By Justin Kasprisin
On October 9, 2009, President Barack Obama was awarded the Nobel Peace Prize. His selection surprised many as he had only been in office for a few months, and some criticized the award as premature. While President Obama had worthy visions and respect around the world, he still had not acted on all of his promises.
In his will, Alfred Nobel wanted the award presented “to the person who shall have done the most or the best work for fraternity between nations, for the abolition or reduction of standing armies and for the holding and promotion of peace congresses.” Regardless of whether there is a single “act” that we can point to, there has undoubtedly been a change in the world based on President Obama’s election.
The Pew Global Attitudes Project shows that other countries hold a much higher opinion of the United States in 2009 than in the previous years under President George W. Bush.
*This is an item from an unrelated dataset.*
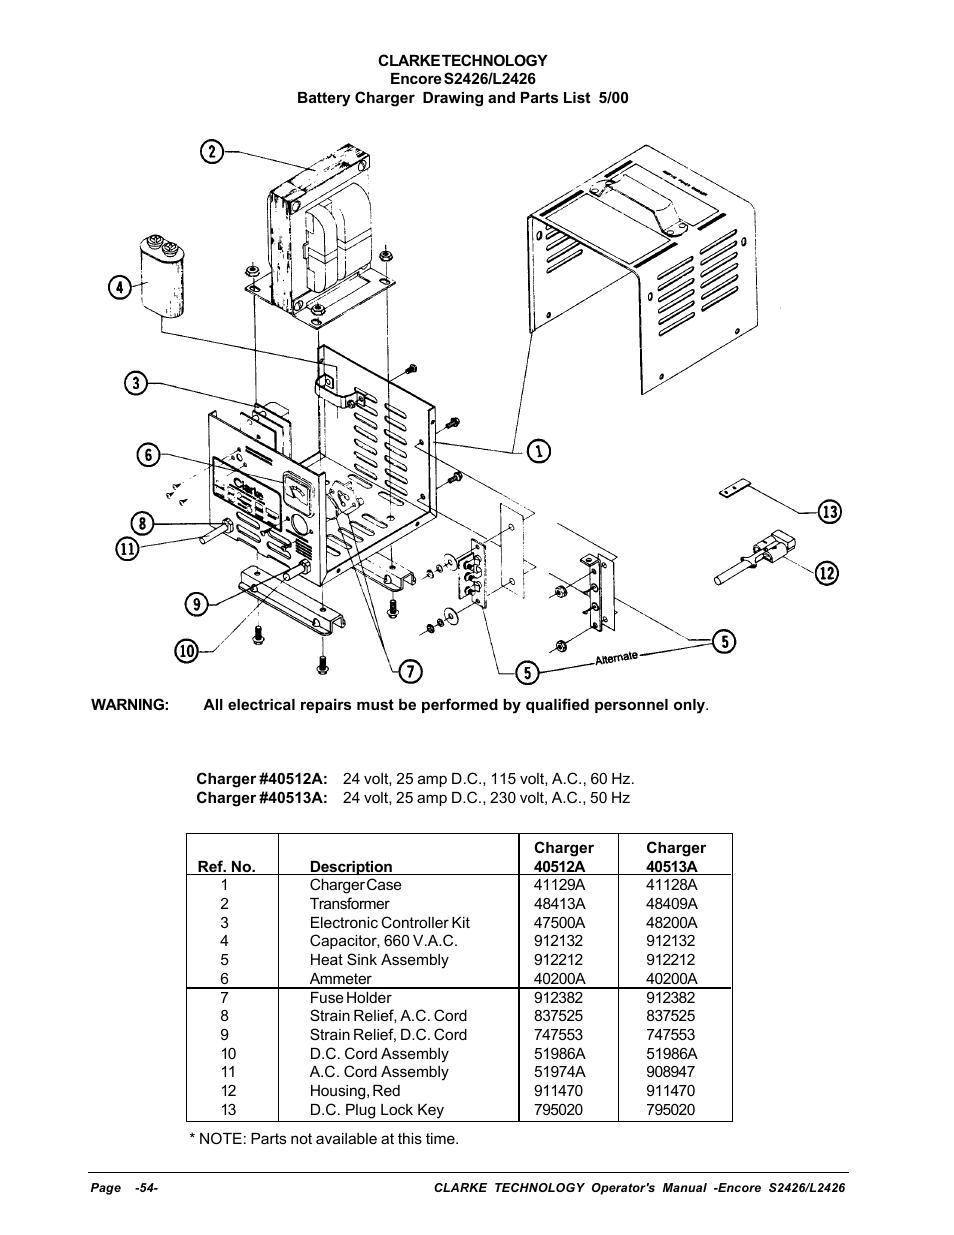 jbl instruction manual charge 3

President Obama may lack a specific act that can be lauded by his critics, but this early in his term, the discourse of the world has changed from one focusing on heightened threats of attack for noncompliance to a calmer approach. While President Obama has ensured military strength can still be used, he has come to the international stage with a new model of leadership which has defused international tensions which can lead to a more peaceful world.
Many individuals deserved to win this award. They have worked tirelessly to promote peace and to better the lives of people around the world, as columnist Nicholas Kristof describes. Many have shown tremendous acts of courage, including a twitterer’s suggestion of Zimbabwe’s Prime Minister Morgan Tsvangirai for standing up to a murderous dictator. There is no doubt that these individuals deserve the award. But maybe this year, after years of seeing increased tensions around the world, Alfred’s Nobel wanted to belong to someone who could deflate the anger and hostility among nations.
Maybe there was no greater act to promote peace than simply changing the tone.